Ime, dhg isn't that particular about ferts. As long as there are ferts in the water column, the dhg should be fine. For me, dhg would go downhill when I would slack off of trimming.


----------



## jreich (Feb 11, 2009)

trimmings and co2 are key to DHG


----------



## jocky (Feb 14, 2010)

Now your trimming experience would be when the carpet is very thick right? Or should I be trimming when it is starting/still growing from the initial plantlets?

I read somewhere that trimming them to .5" when planting them will stimulate faster growth, right?


----------



## sparkysko (Jun 11, 2004)

I've grown dense carpets of hairgrass under extremely hard and extremely soft water in 3 different tanks. I never added fertilizer. I just used CO2 and eco-complete for the substrate.


----------



## jreich (Feb 11, 2009)

i just go to town and mow the lawn when it starts to look bad. when i do trim it i do it with no discretion. just hack away at it. the more you trim the thicker it will grow back. but .5 inches sounds about rite.


----------



## jocky (Feb 14, 2010)

Do you think the use of a nutrient rich substrate or substrate fertilizer is beneficial.

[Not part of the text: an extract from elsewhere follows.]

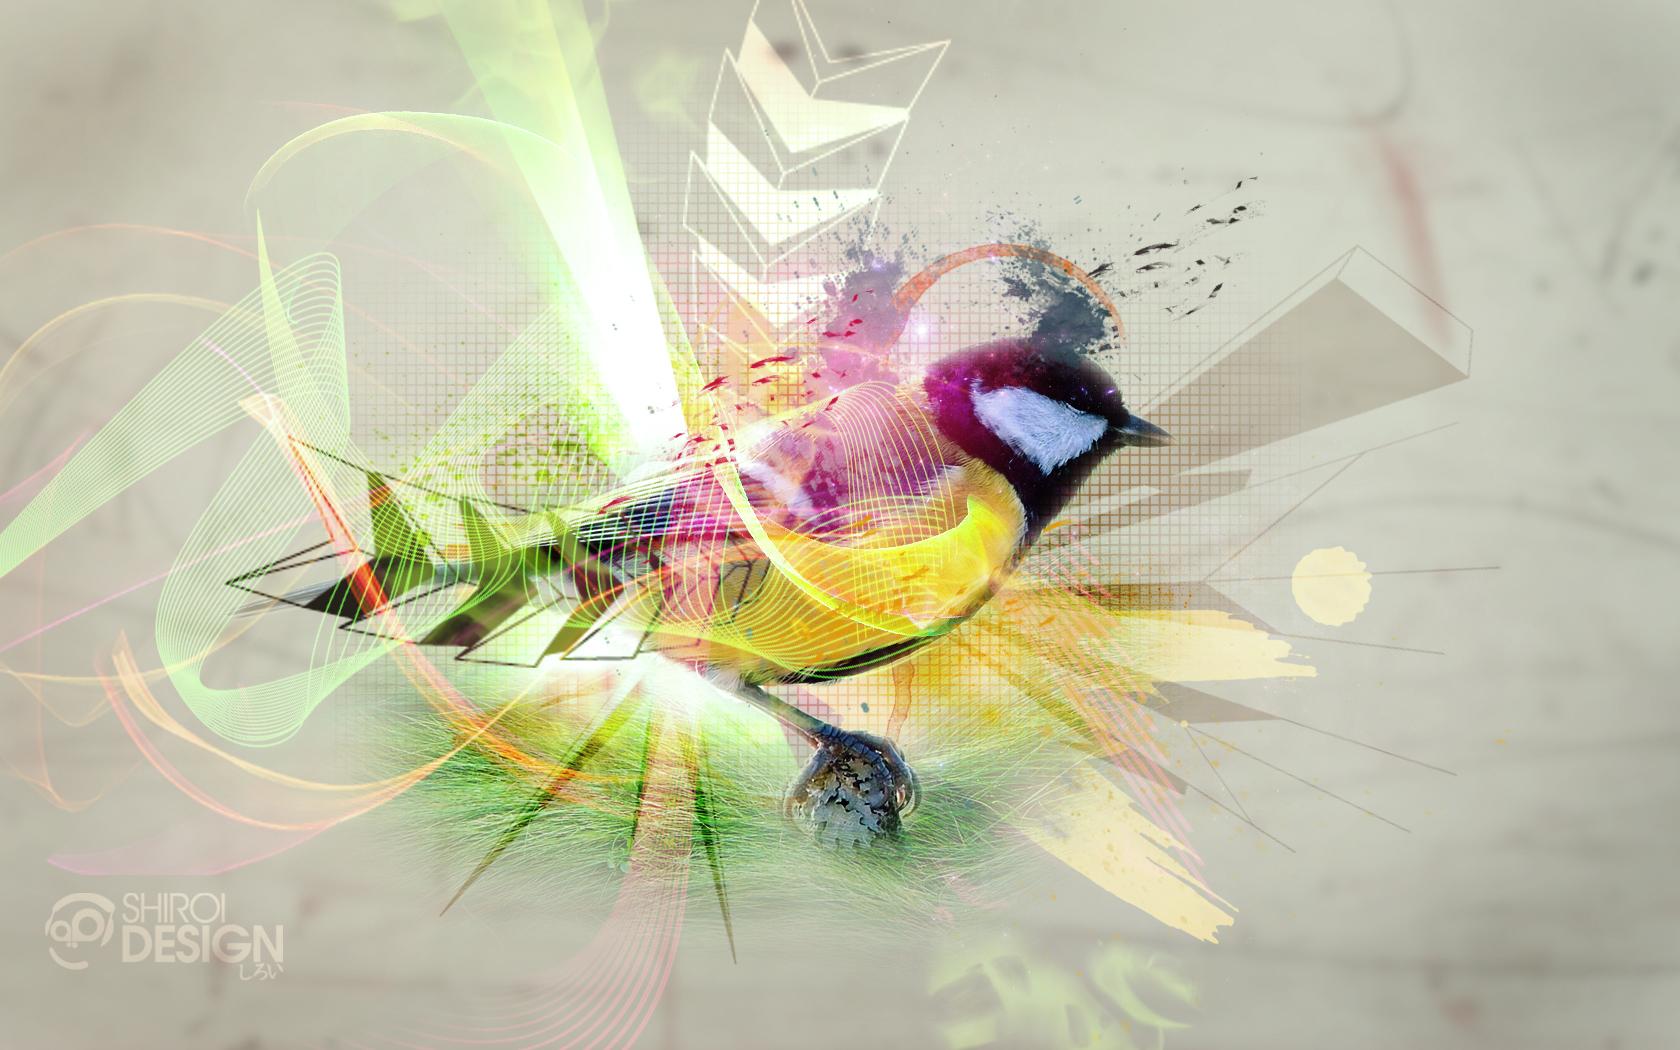 Wallpaper Geometric Hd Bird At Artwork Shiroi Design
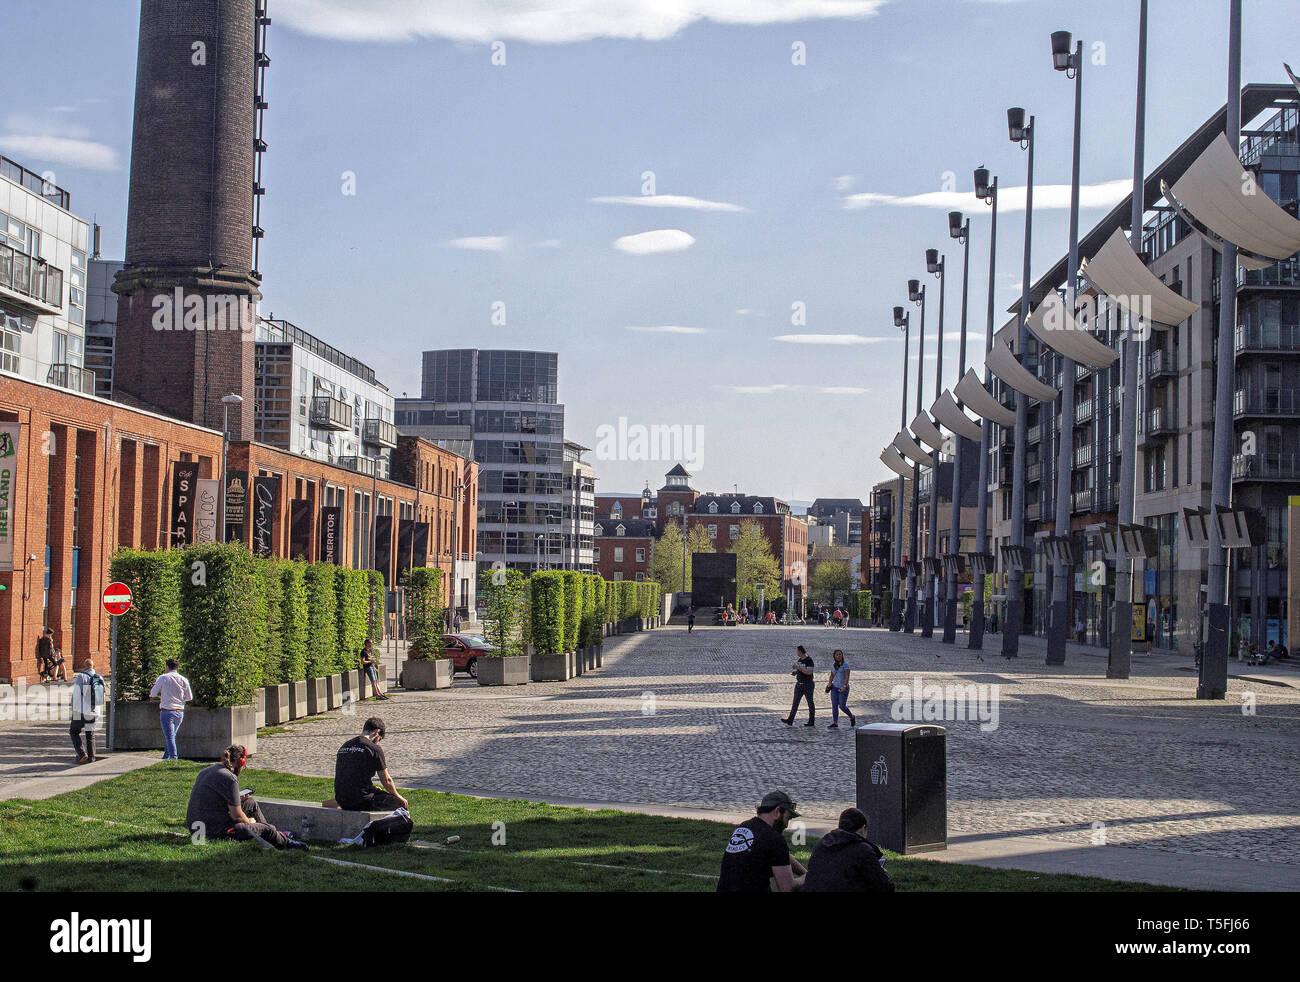 6b2bc5ff4eae4 Smithfield Square near Dublin City Centre, ireland. Following redevelopment  the square hosts a major

So taking you guy's/gal's suggestions I would be safe to conclude that proper CO2 and the occasional trimming is best in growing/maintaining this plant. Yes?

Nobody measures the water column nutrients?


----------



## jreich (Feb 11, 2009)

i never measure anything. my DHG grew fine before i started dosing EI. i use inert substrate with no root tabs or anyhting like that with no problems.


----------



## jocky (Feb 14, 2010)

You guys make it sound so easy. But my plant is not moving at all. 
Another question, How much luck do you need to grow the plant? LOL JK

Thanks for the quick response guys/gals. I appreciate it.


----------



## sparkysko (Jun 11, 2004)

I never measure. I'd consider adding iron which is cheap enough at the LFS if you're using an inert substrate. I always thought that any iron that is in the water rapidly oxidizes and becomes useless to plants, hence why they sell chelated iron, which is chemically altered so it doesn't oxidize. 

For this reason I use deep substrates in an attempt to have an anaerobic zone that can de-oxidize iron and make it useful for my plants. I have no idea how well that works out.


----------



## sparkysko (Jun 11, 2004)

Also, I've never tried trimming to speed up growth. I've only trimmed when I wanted a uniform height, or when it looks cruddy on top, AFTER it's already filled in. 

Best method i found to get it to fill in is to just stop poking at it. I kept resetting the stress clock on mine when replanting/futzing with it all the time. 

As far as trimming? I don't know. I do know that certain parts of plants produce chemicals that do certain things. Say you have a tree. Every tip of every branch produces a chemical that inhibits the growth of new branches. You chop of the tip and you cut off the part that is producing that inhibiting chemical, so the tree will go into 'make more new branches' mode until that chemical goes back to an acceptable range.

I'm not sure if each tip of each blade of hairgrass produces a chemical or not. Possibly it just leaks out the chemical produced elsewhere and has the same effect as cutting a runner.


----------



## jreich (Feb 11, 2009)

i beleive when its trimmed it triggers it to send out runners...


----------



## bigboij (Jul 24, 2009)

+1 on the trimming down to 1/2 to 1 inch , the stuff grows like crazy in my 20hand 2.5g


----------